Exercise directions:
Restate all the lines below word for word, but omit the pictures.

** Opening Input data block **

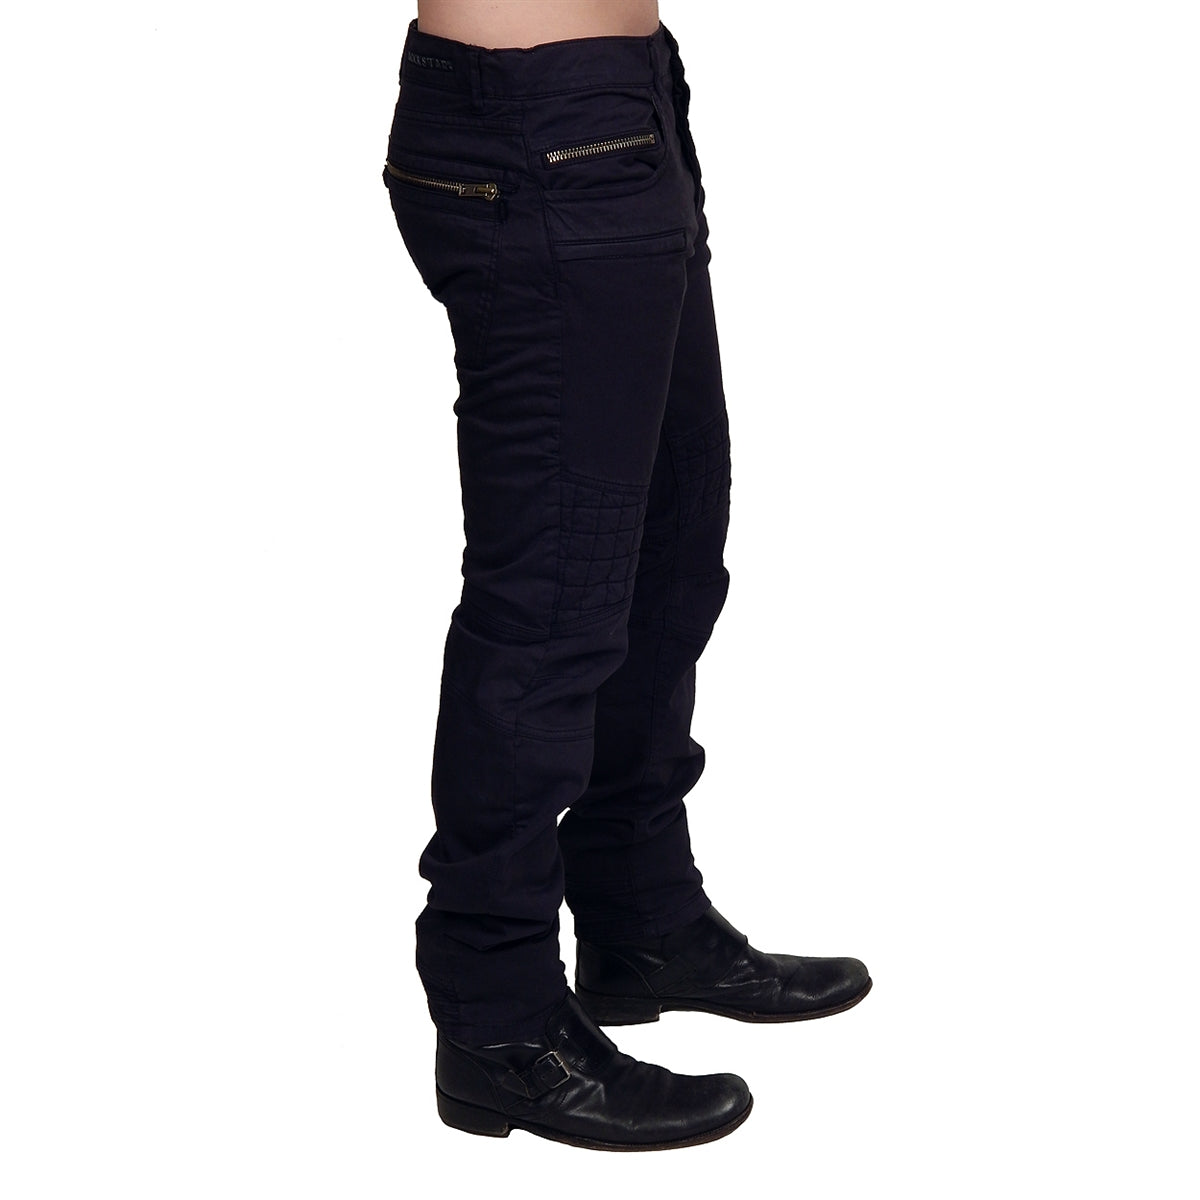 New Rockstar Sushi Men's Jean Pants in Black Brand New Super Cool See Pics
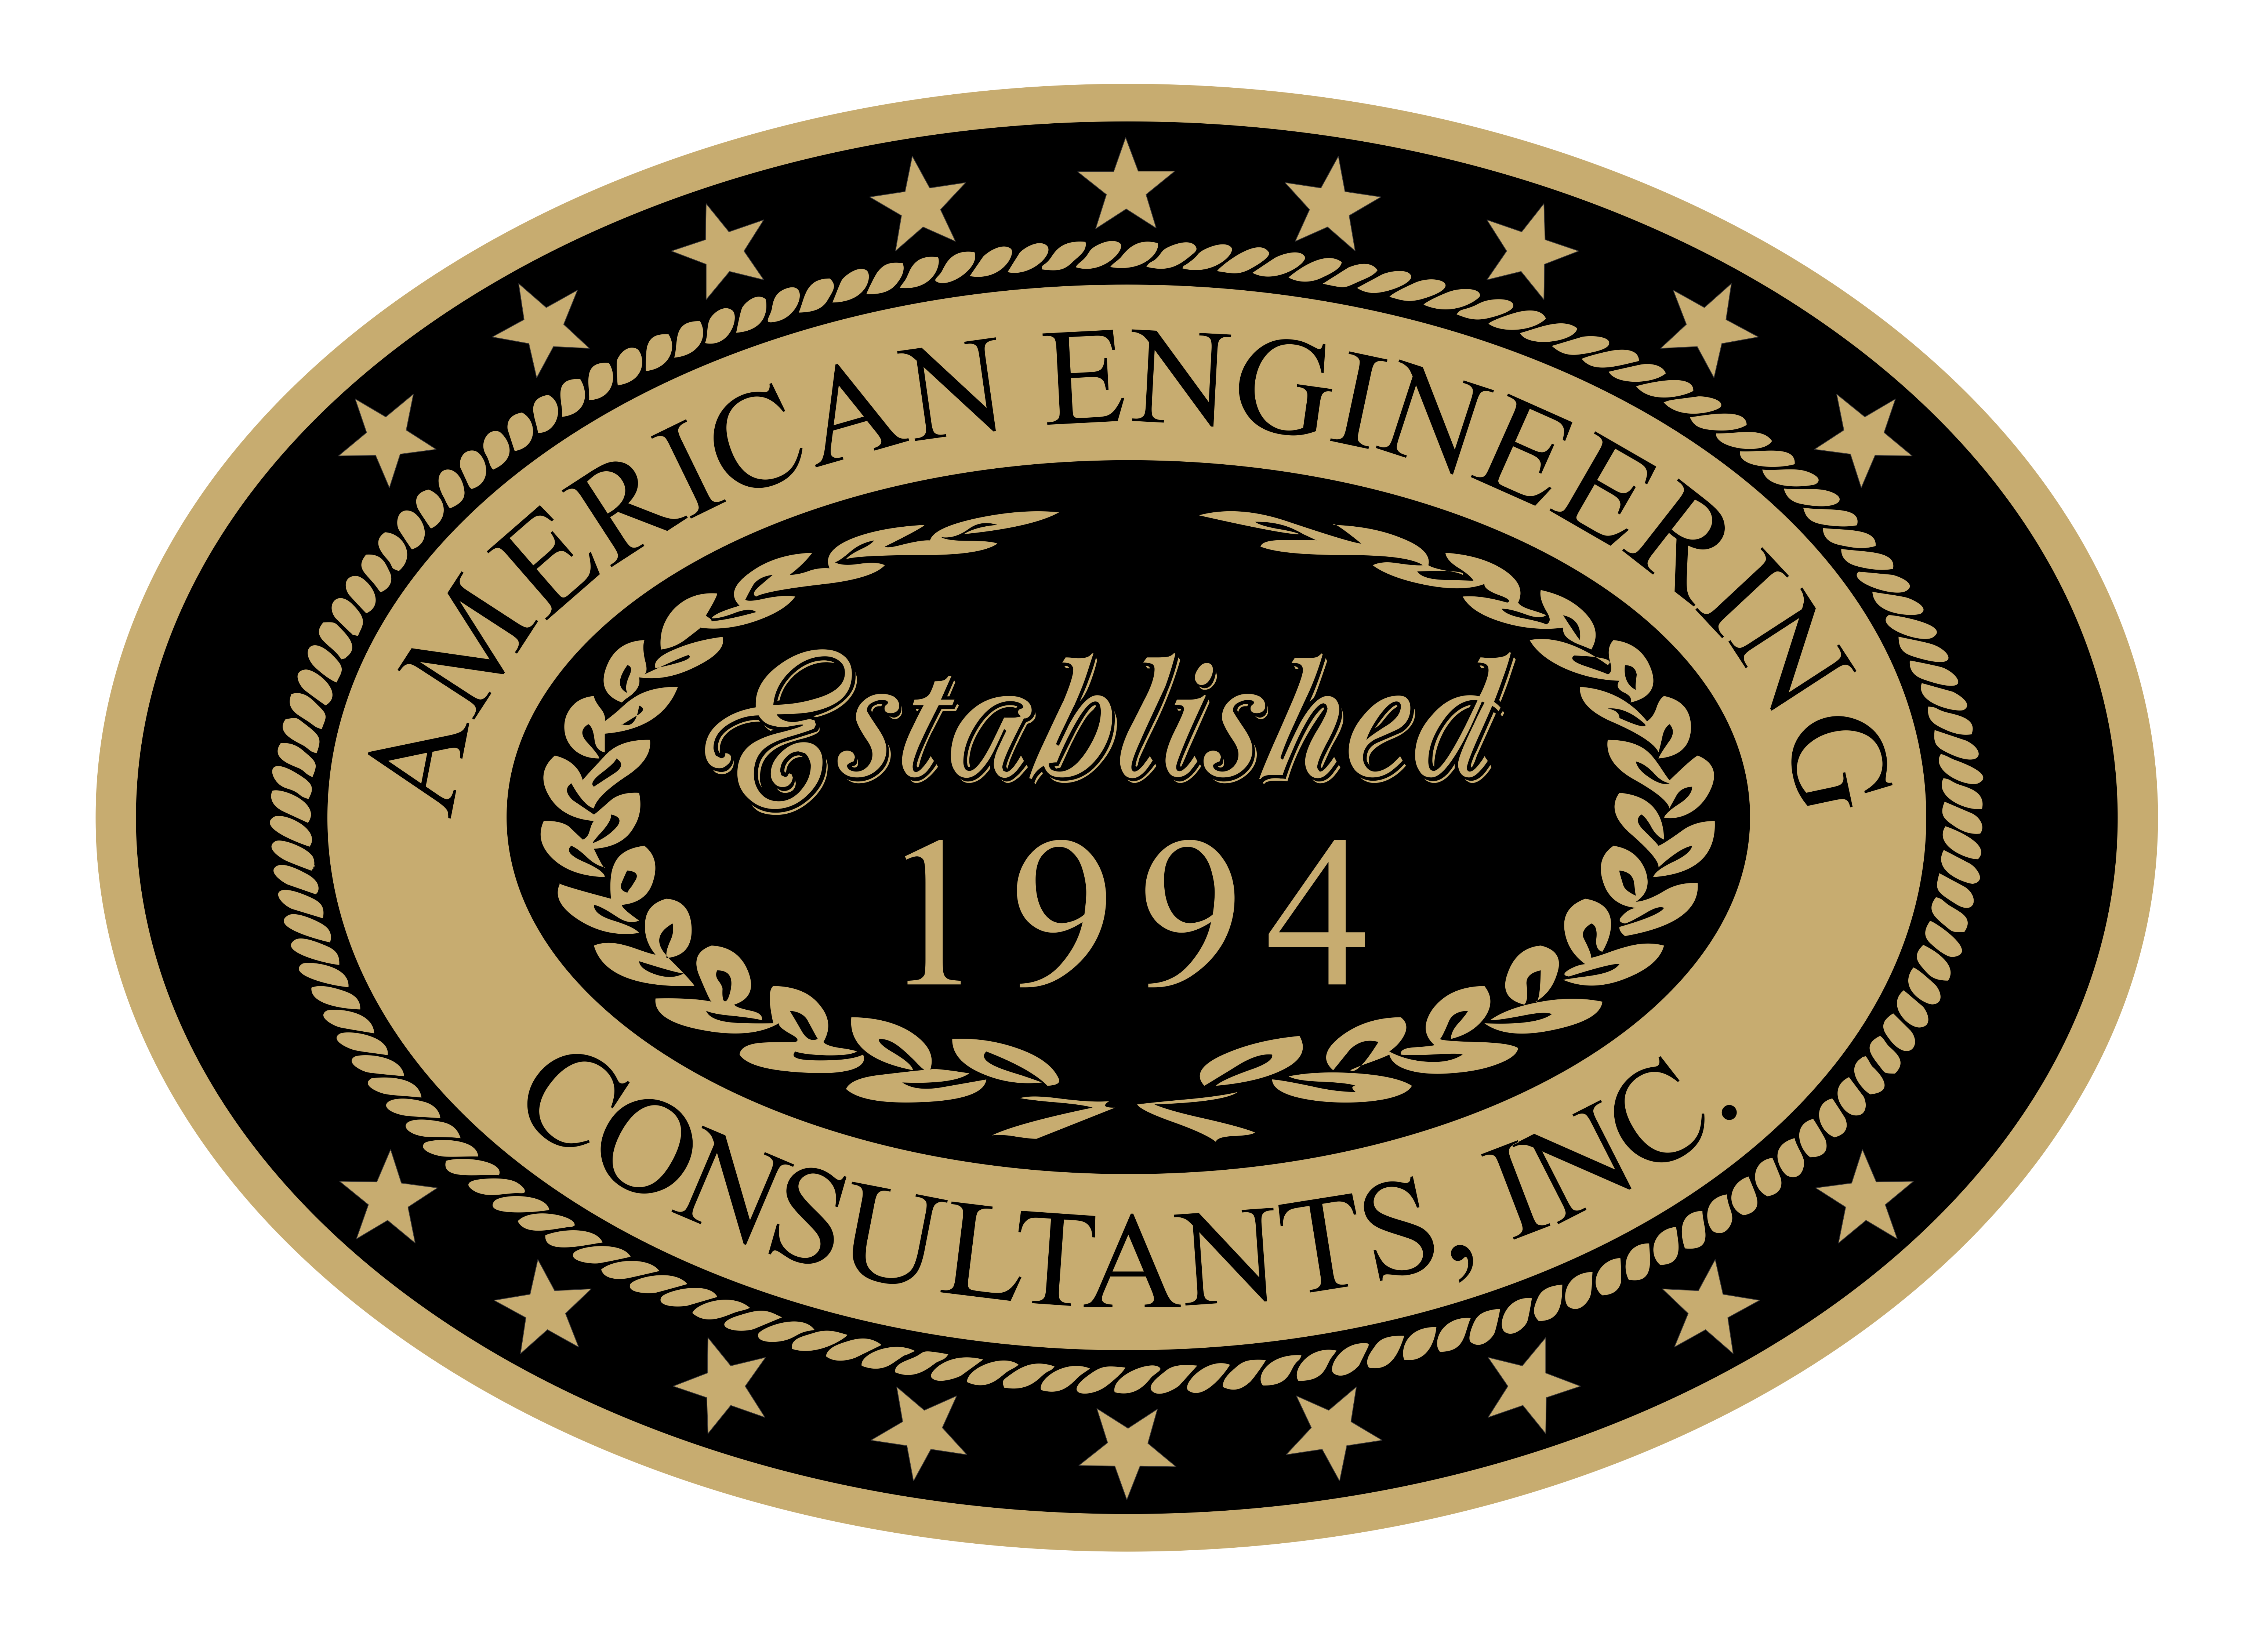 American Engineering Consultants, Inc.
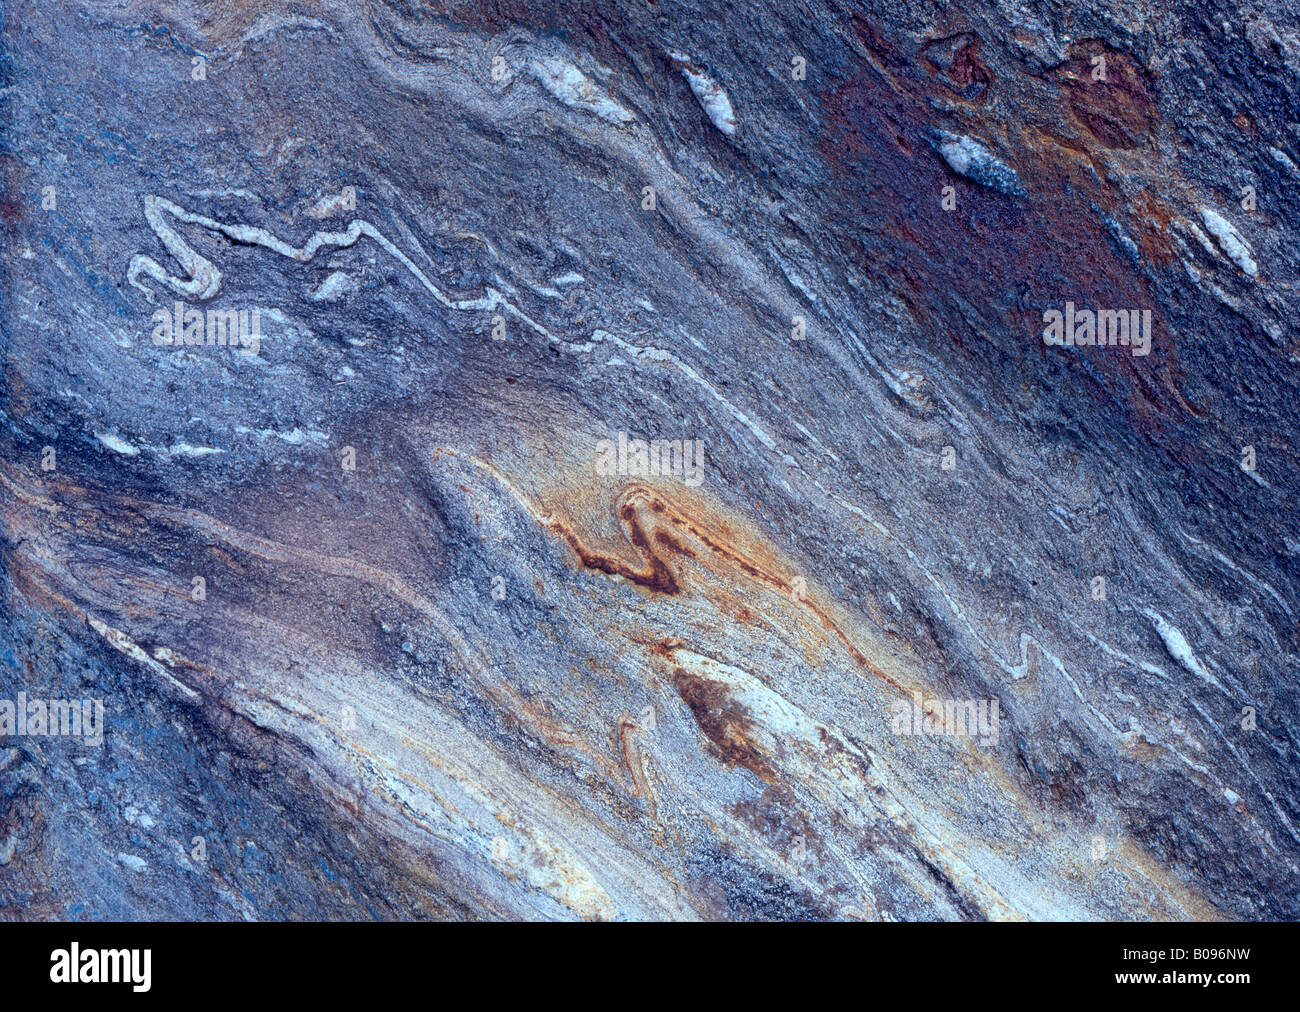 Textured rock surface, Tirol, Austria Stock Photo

** Closing Input data block **

Response box:
 New Rockstar Sushi Men's Jean Pants in Black Brand New Super Cool See Pics
 American Engineering Consultants, Inc.
 Textured rock surface, Tirol, Austria Stock Photo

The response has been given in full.